Сети
Шрифт:
Морган медленно выпустил из себя воздух. Он подумал, что, если бы умел краснеть, его лицо имело бы сейчас цвет закатного солнца, предвещающего назавтра хорошую погоду.
– Я не священник. – Ничего оригинальнее в голову не пришло.
После короткого привала на берегу лесного озерца со странной, черной с красноватым отливом водой Морган погнал кобылу так, будто за ними снова гонятся преты. Это лишало возможности разговаривать, а к вечеру – думать о чем-либо другом, кроме адской боли в промежности. На ночлег остановились поздно вечером; Марго удивило, что не в лесу и не на постоялом дворе. Морган спешился перед невзрачным домишкой на краю деревни. Если бы он не подхватил ее, когда она сползала с лошади, Марго свалилась бы на землю, как мешок с зерном. Сопровождаемый лаем собак, Морган зашел в калитку. До Марго долетели голоса – Моргана и женский, молодой
«Что за дурацкая у тебя манера влюбляться в первого встречного?»
Марго обняла морду кобылы, уткнулась лицом в бархатную, пахнущую потом шкуру, нежно поглаживая ее ладонью. «Счастливая. Уйдешь с ним. И будешь сопровождать его всюду, в горе и в радости». Она зажмурилась, чтобы дать слезам вытечь, и быстро промокнула щеки рукавом. И какой бес дернул ее в эти грешные врата! Да, Иштван преступник, но, останься она в тот день дома, она никогда не узнала бы об этом, и ее сердце не угодило бы в ловушку. В конце концов, до того злосчастного дня Иштван не поднимал на нее руку, а с его прохладностью она свыклась, как свыклась с вечными морозами и залепленными снегом стеклами. Ах, если бы она умела ездить верхом… Мчаться прочь от этого дома, от этой деревни, от него. Любопытно, сумеет ли она хотя бы вскарабкаться на лошадь без чьей-либо помощи?
Перекинув поводья через шею кобылы, Марго крепко ухватилась за переднюю луку седла, другой рукой нащупала дужку стремени. Едва ее попытки поймать петельку носком ботинка увенчались успехом, Ичхель вздумалось пройтись; от разрыва мышц промежности Марго спасло только подогнанное под длинные ноги Моргана стремя. Вцепившись в седло, она выпрямила опорную ногу. Ужасно неудобное седло. Рассчитано на опытного ездока с чугунной задницей, или с невообразимо жирной. На том дело и застопорилось. Оказавшее добрую услугу низкое стремя не давало возможности перекинуть ногу через круп.

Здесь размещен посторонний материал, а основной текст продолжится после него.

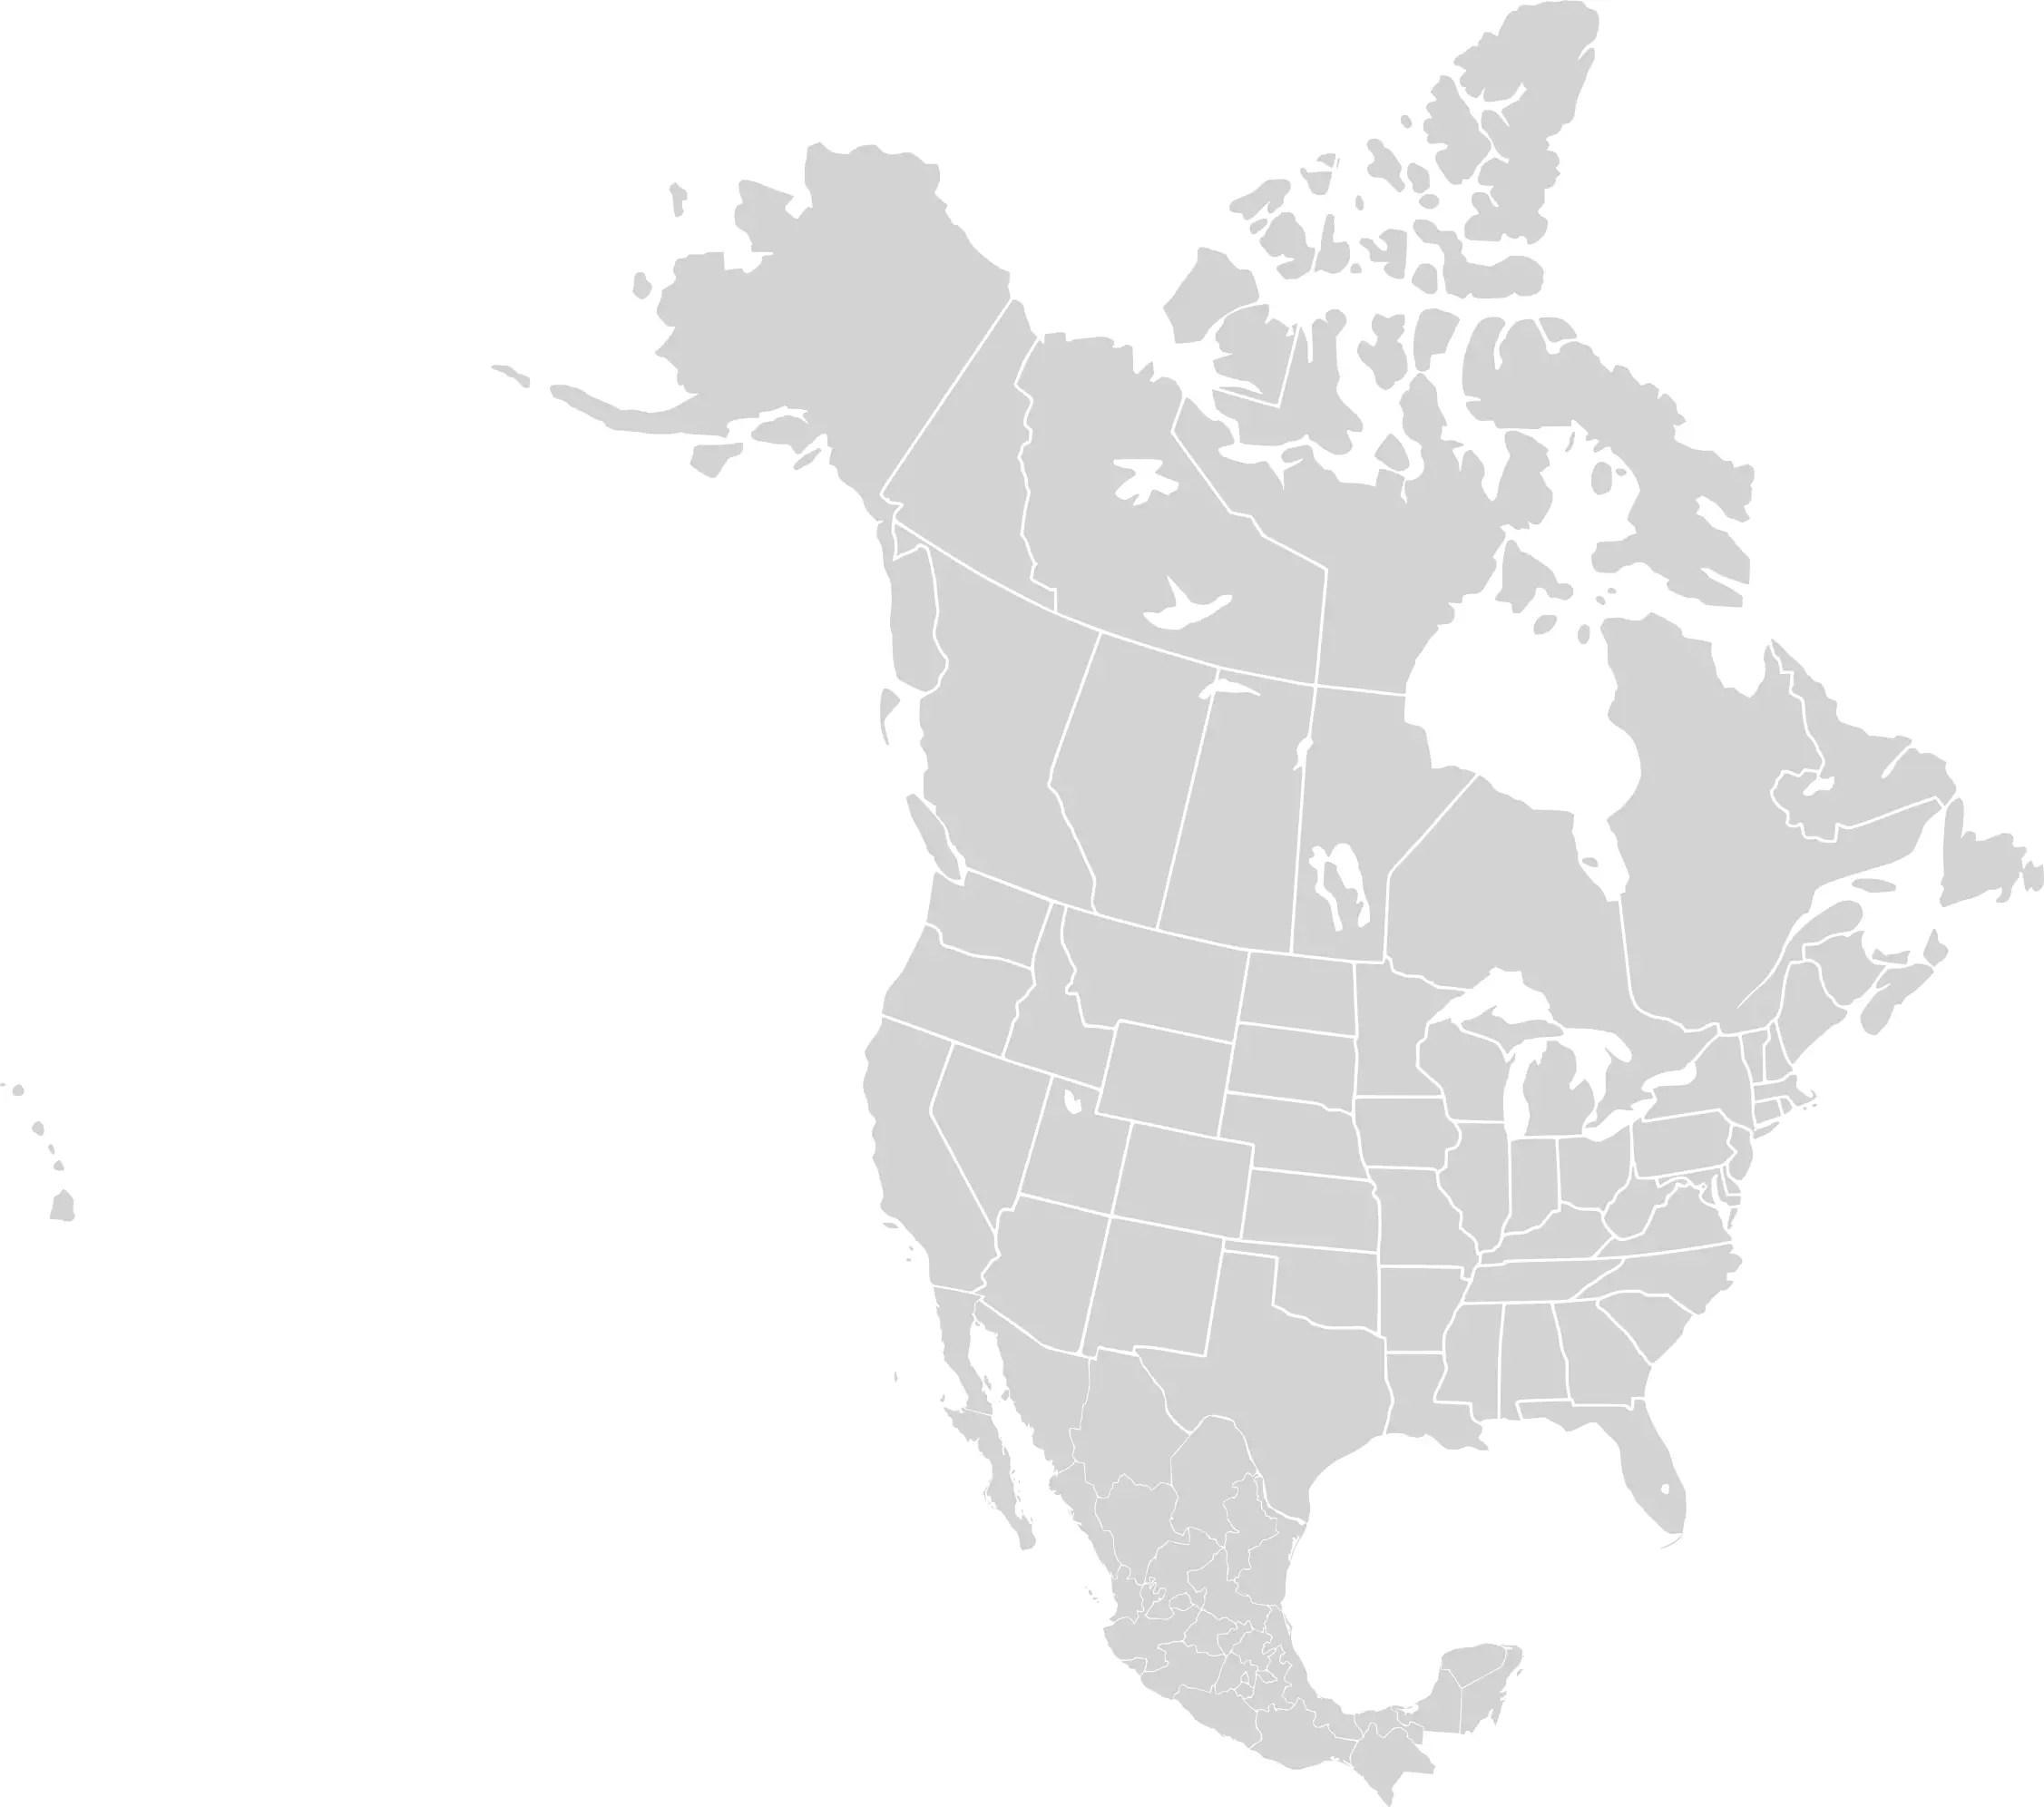 North America Blank Range Map Mapsof
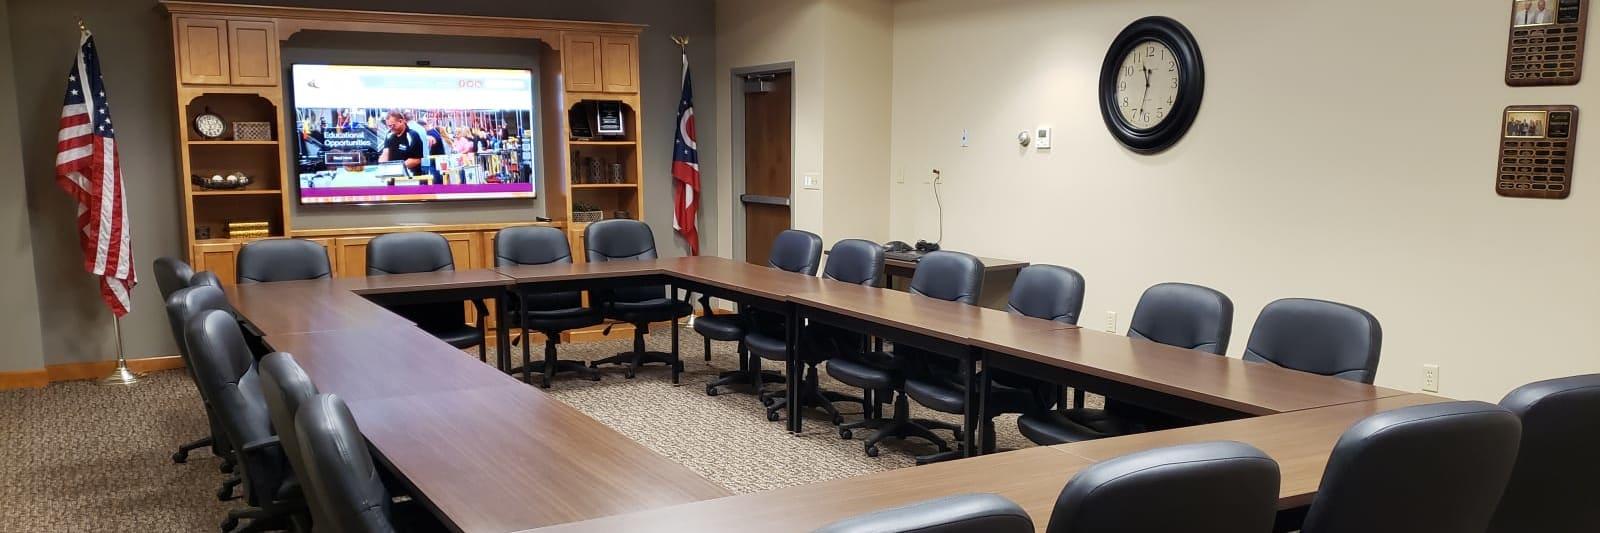 Conference-Room-2019-2(1).jpg

– Далеко собралась? – Марго так увлеклась, что не услышала его шагов. – Надо же… – пробормотал Морган, снимая ее с лошади. – А я-то думал, что загнал вусмерть вас обеих. Значит, завтра темпа сбавлять не будем. – Он пропустил Марго вперед, легонько подтолкнув к калитке. – Здесь мы переночуем спокойно. Когда садишься на лошадь, поводья нужно держать в руке, тогда лошадь будет стоять на месте.
«Даже этого не сообразила… А еще хочешь ему понравиться». Марго проглотила ком в горле.
Возле хозяйской конюшни Морган указал девушке на квадратное отверстие, служащее одновременно входом на сеновал и чердачным оконцем. Убедился, что она благополучно забралась по лестнице наверх. Когда он принес горячую картошку, сыр, помидоры и хлеб, Марго лежала, свернувшись в клубочек в углу под самой крышей. Если бы не Дар, пришлось бы перерывать в поисках все сено. За время его отсутствия в этой головушке что-то щелкнуло, и колесики завертелись в другую сторону.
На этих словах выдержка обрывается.